=== Section Start ===

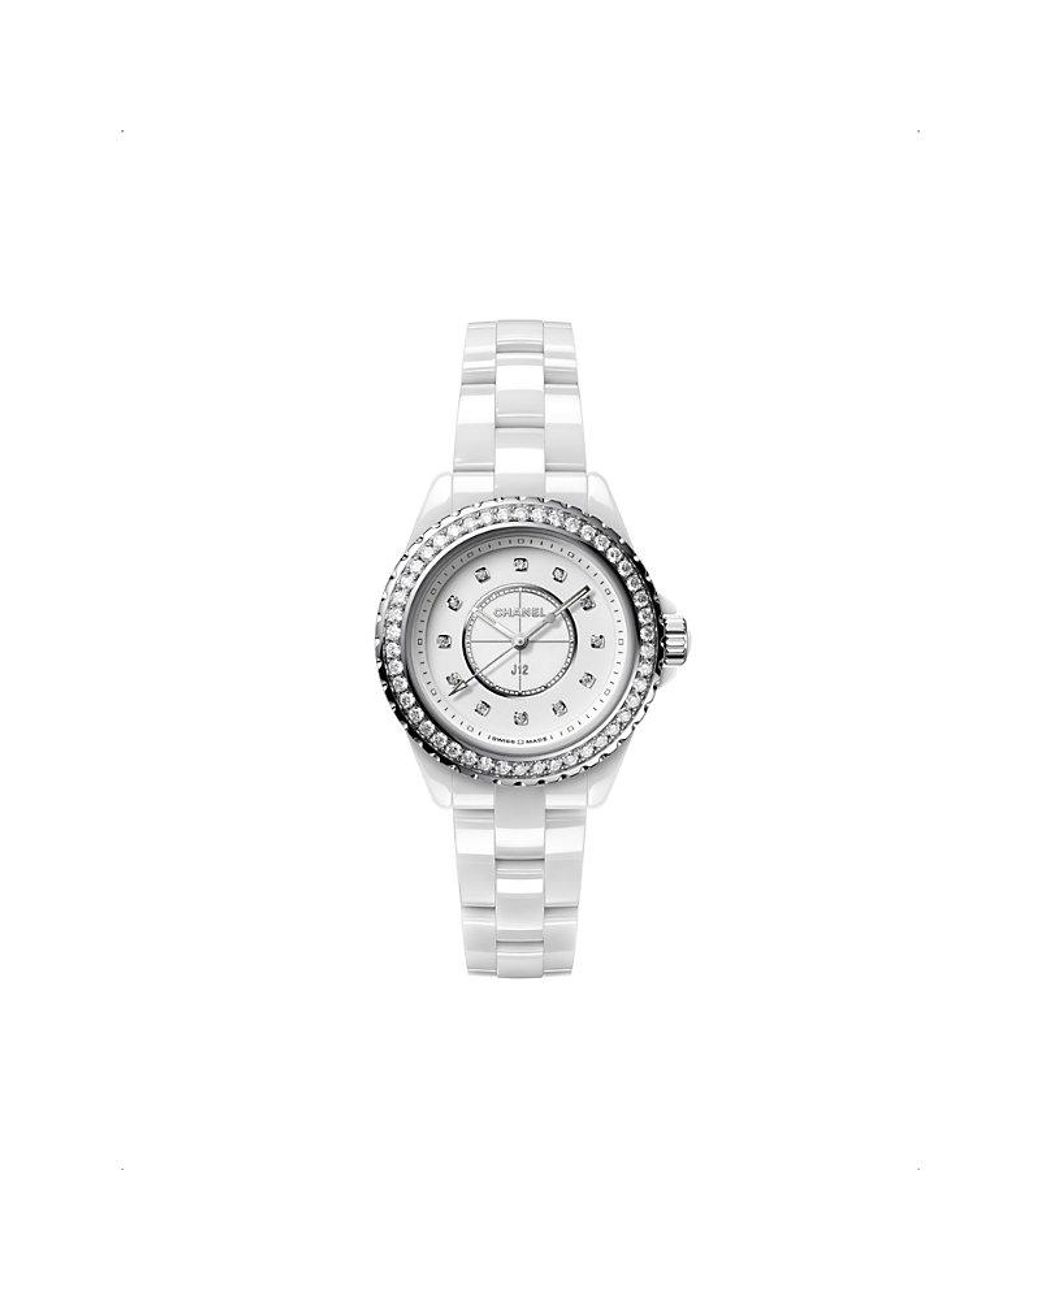 Chanel H6418 J12 Steel, Ceramic And 1.21ct Diamond Quartz Watch in
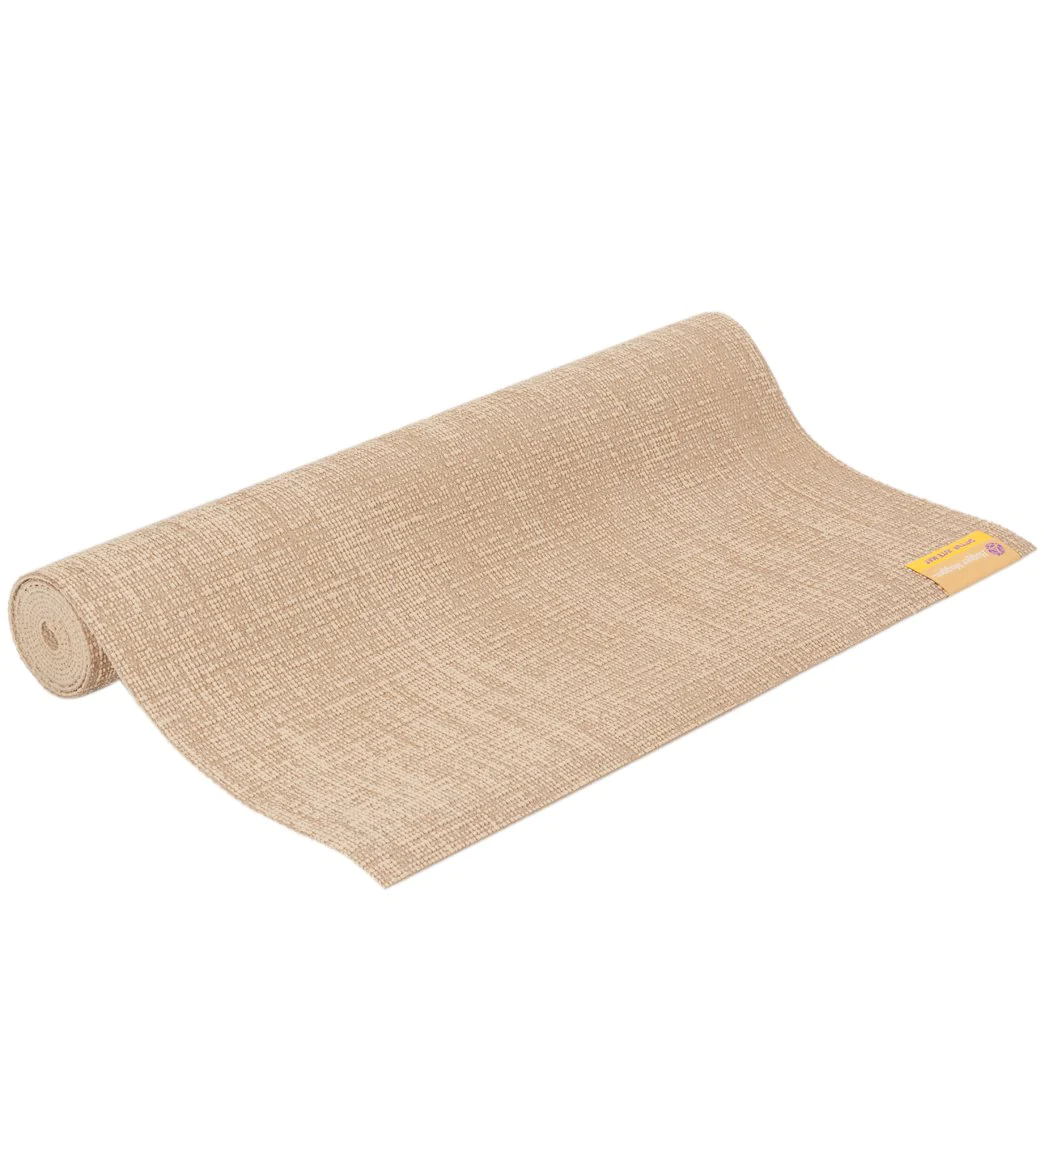 A rolled up tan jute yoga mat from Hugger Mugger
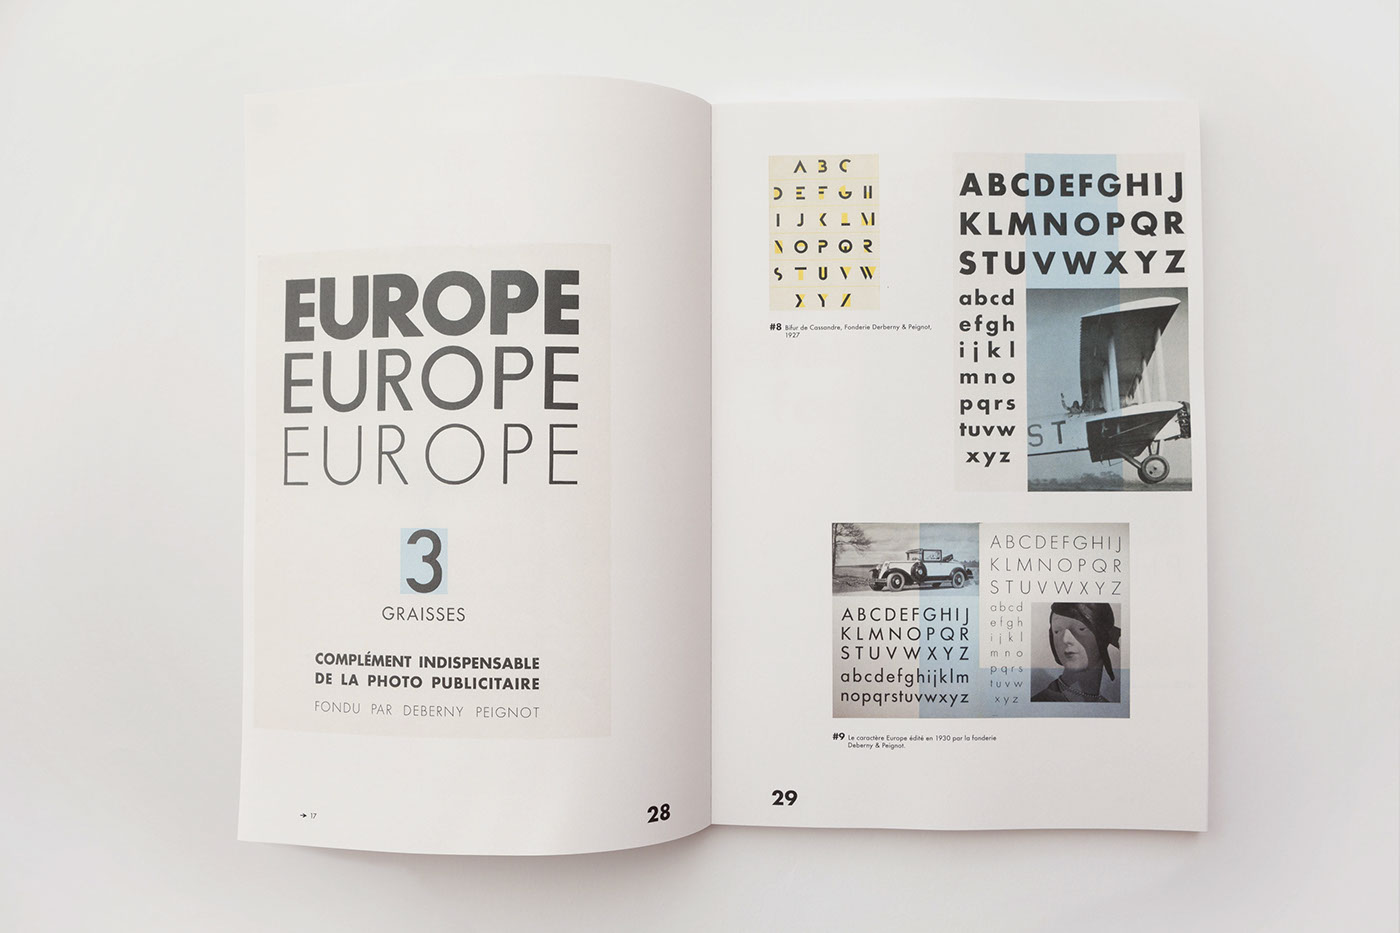 Futura memories image Typeface font book edition ABMstudio Paris
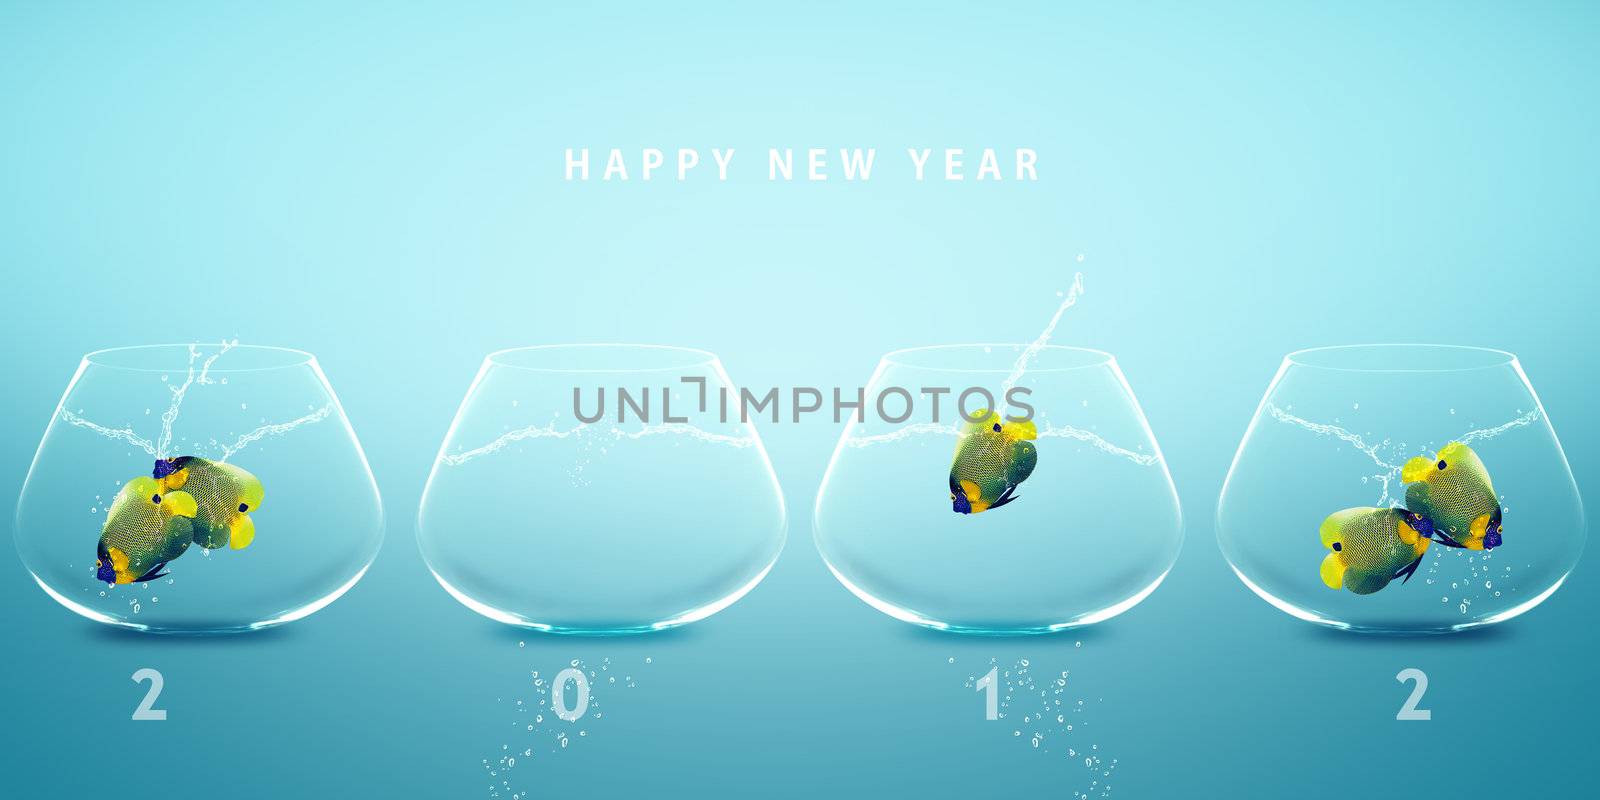 Happy new year 2012 by designsstock
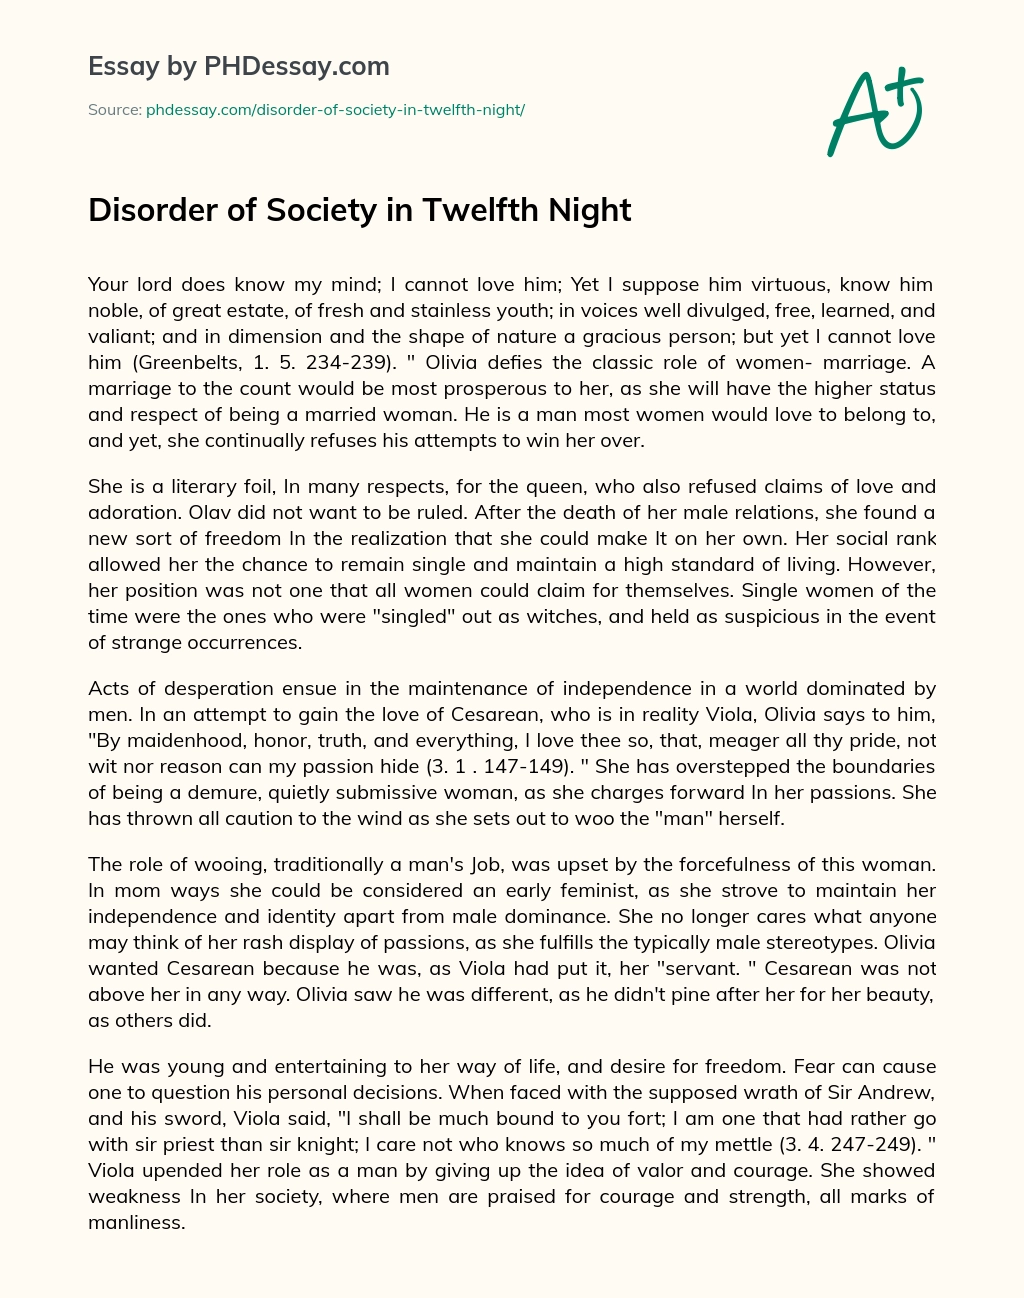 Disorder of Society in Twelfth Night essay
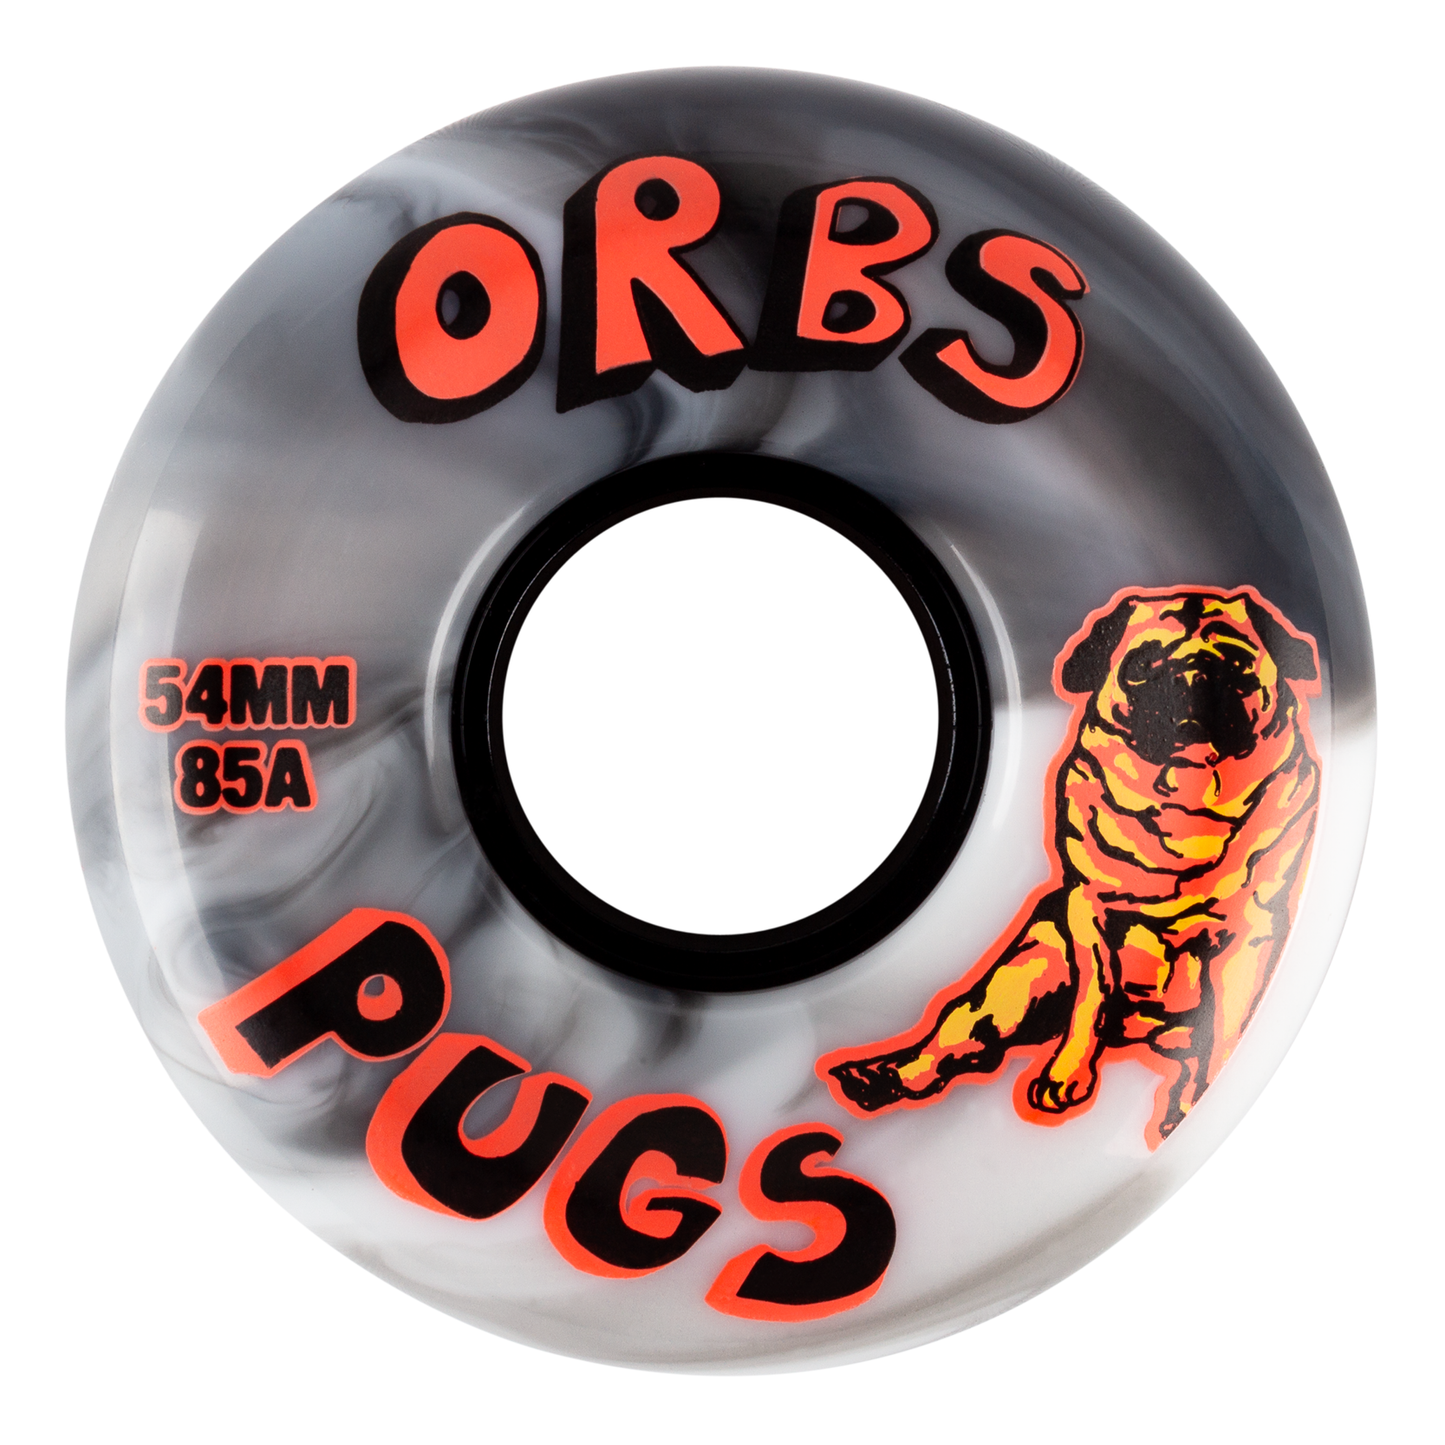 ORBS Pugs Swirl Wheels 54mm - Black/White

=== Section End ===

→ **What to produce**:
Copy every entry exactly; drop the pictures.

→ **Response area**:
 Chanel H6418 J12 Steel, Ceramic And 1.21ct Diamond Quartz Watch in
 A rolled up tan jute yoga mat from Hugger Mugger
 Futura memories image Typeface font book edition ABMstudio Paris
 Happy new year 2012 by designsstock
 Disorder of Society in Twelfth Night essay
 ORBS Pugs Swirl Wheels 54mm - Black/White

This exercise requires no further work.